Dibujo de Pamela Dominguez Faryna
Aquel
verano, Mario debía pasarlo en casa de su abuela, en una
casita de campo a muchos kilómetros de
su hogar, en una aldea de montaña , rodeada
de arboles; lo recordaba de otras visitas, porque su pasatiempo favorito
era perderse por el bosque imaginándose que era un pirata en busca de un tesoro escondido. Cada vez que visitaba el lugar, escondía un
objeto valioso, elaboraba un plano y
cuando volvía después del tiempo,
se colocaba el parche en su ojo izquierdo, desplegaba el mapa y jugaba a
encontrar el cofre.
Esa tarde
se introdujo en la espesura y después de andar el camino trazado hacia su meta, encontró a una niña , quizá un poco más pequeña que él, sentada a los pies de un árbol que le
dijo ser una sirena que se había perdido. Mario le
sonrió, e insuflando aire y sacando pecho le comentó que él era un pirata.

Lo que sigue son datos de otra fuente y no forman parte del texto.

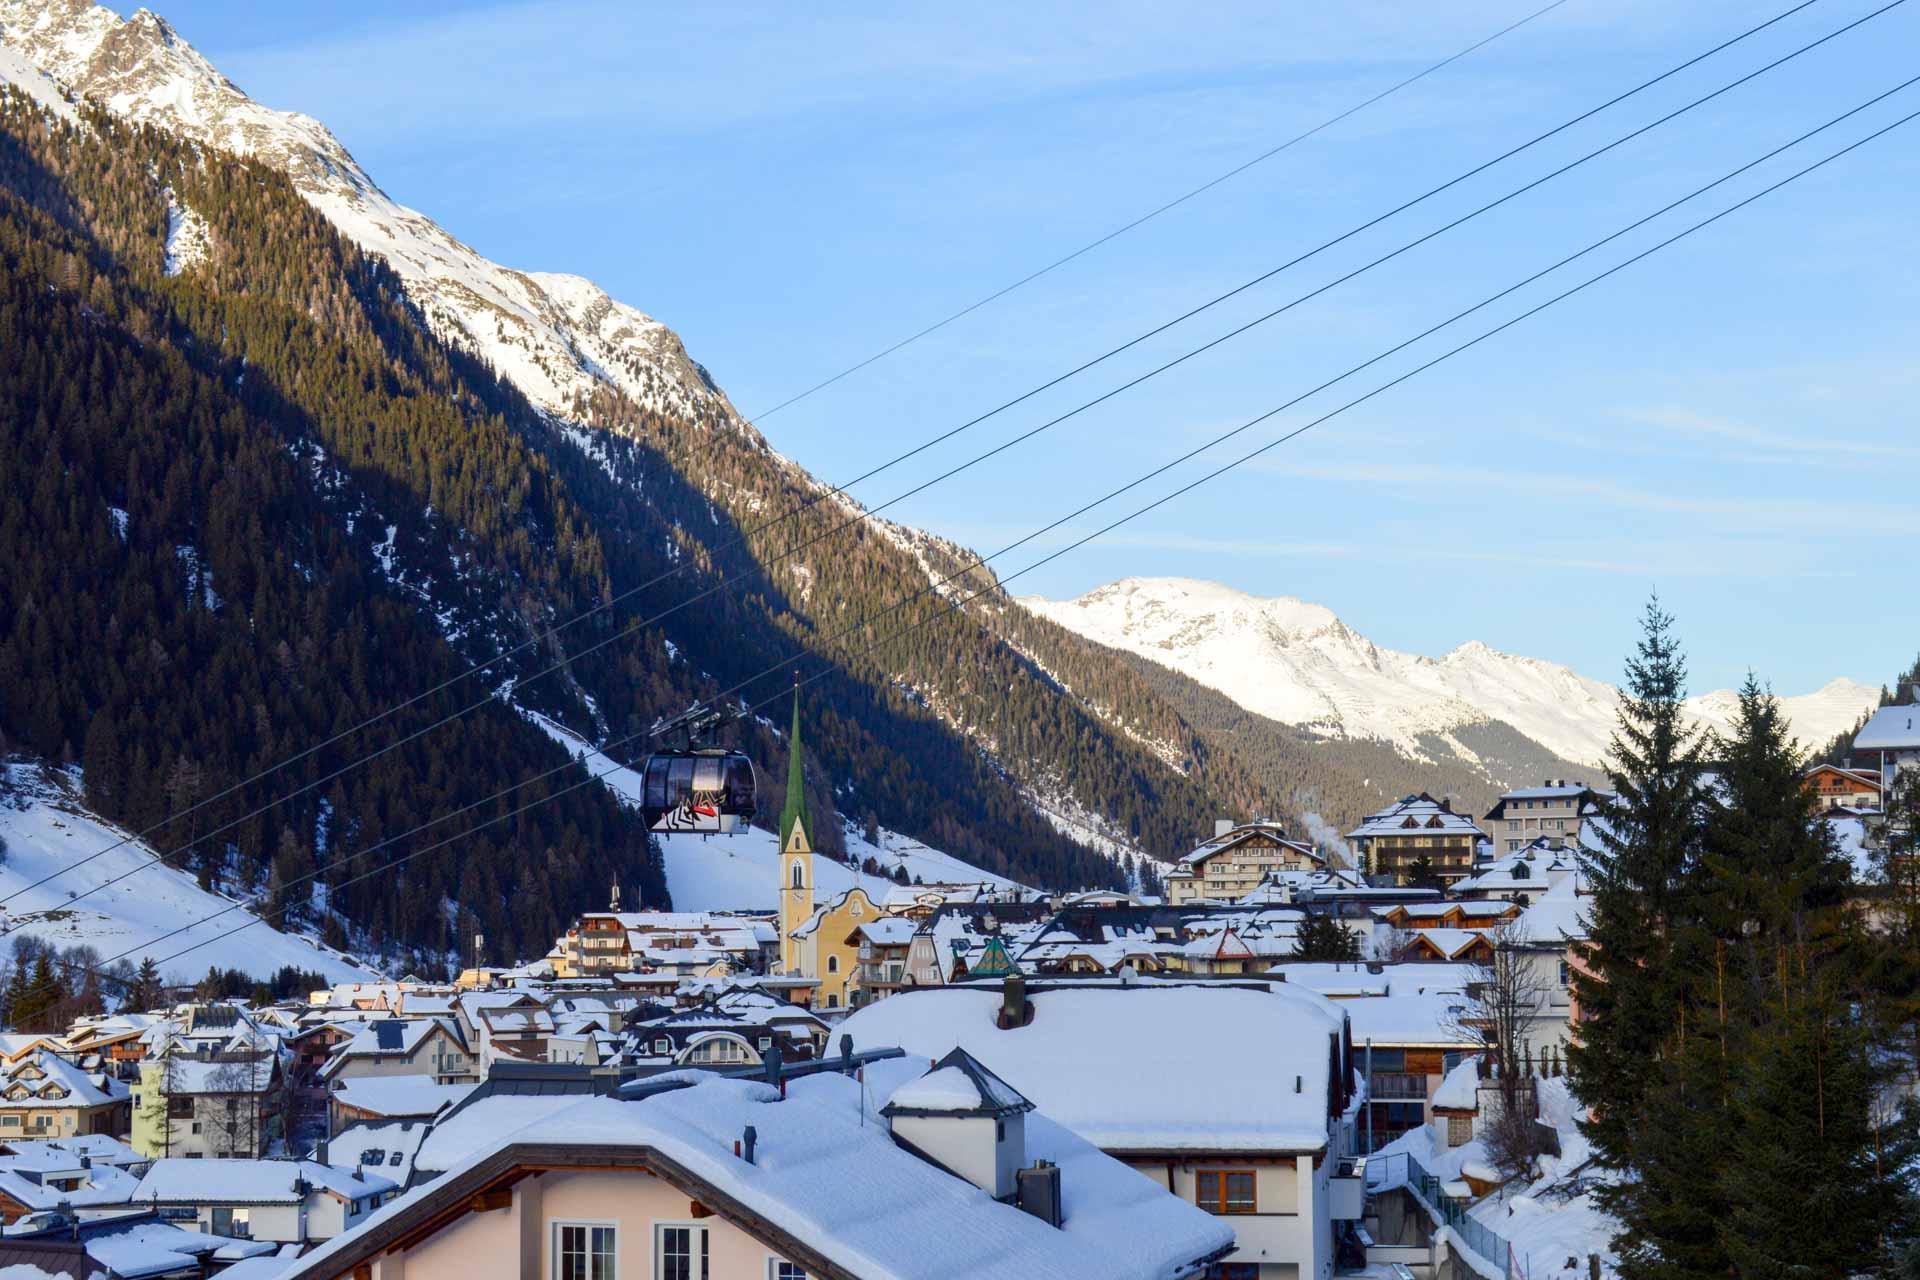 Oubliez les Alpes françaises ! On file du côté de l'Autriche et du Tyrol dans la charmante station d'Ischgl. Un splendide domaine skiable, une offre hôtelière de grande qualité ou de très bonnes tables en font l'une des stations les plus réputées de la petite république alpine.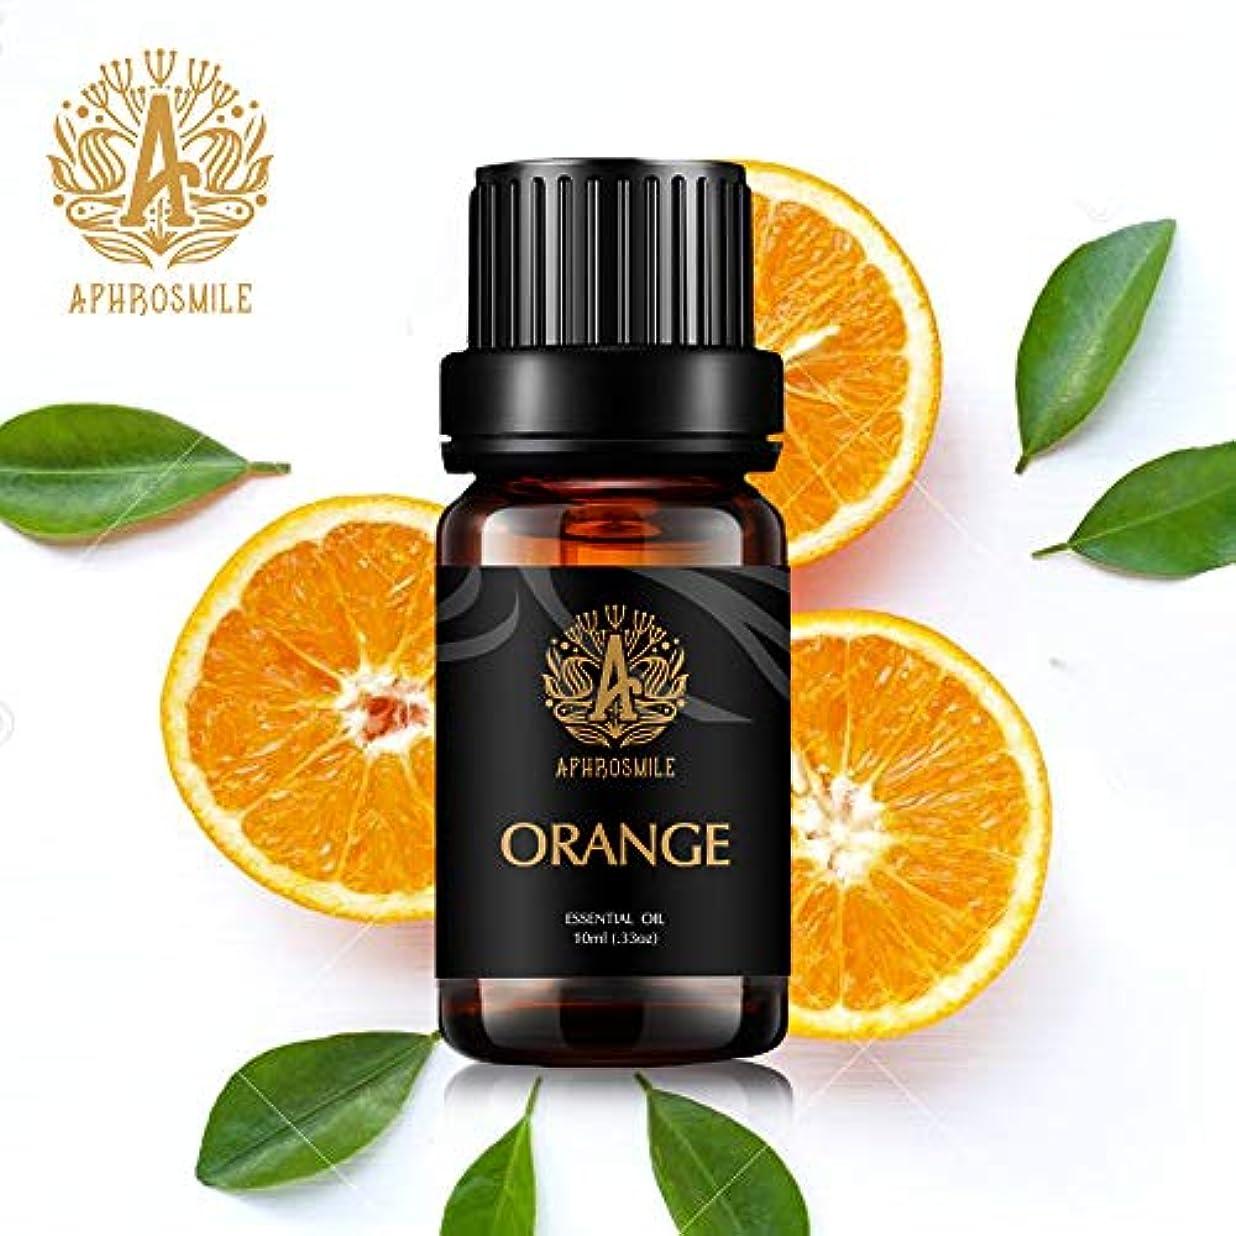 カエル比類なき何故なのAphrosmile オレンジ エッセンシャル オイル FDA 認定 100% ピュア オレンジ オイル、有機治療グレードのアロマテラピー エッセンシャル オイル 10mL/0.33oz

Así conoció a Rebeca. Con los días, él acabaría
convirtiéndose en un duende y
ella en una ninfa. Ambos recorrían
montañas, campos y bosques, y jugaron
hasta agotar el verano .
El día de
la despedida Rebeca fue a encontrarse
con el duende del bosque, le contó que
volvía a ser una sirena de regreso a su
inmenso mar. Mario le confesó que ese
año seguiría siendo un pirata
desenterrando tesoros, pero que antes
de marcharse, los dos debían construir
un puente. ¡Sí! - gritó emocionada la niña - de agua y hojas. De
cielo y brisa - dijo él. Y quedaron alzando el puente entre sonrisas de rana, canto
de peces, remolinos de silencio, miradas de luz, espuma, tierra, caracoles y ramas, olas y
lluvia, junto a otros elementos que
adherían las palabras. Antes de despedirse, juntaron las manos y
cada uno se llevo un extremo de ese puente.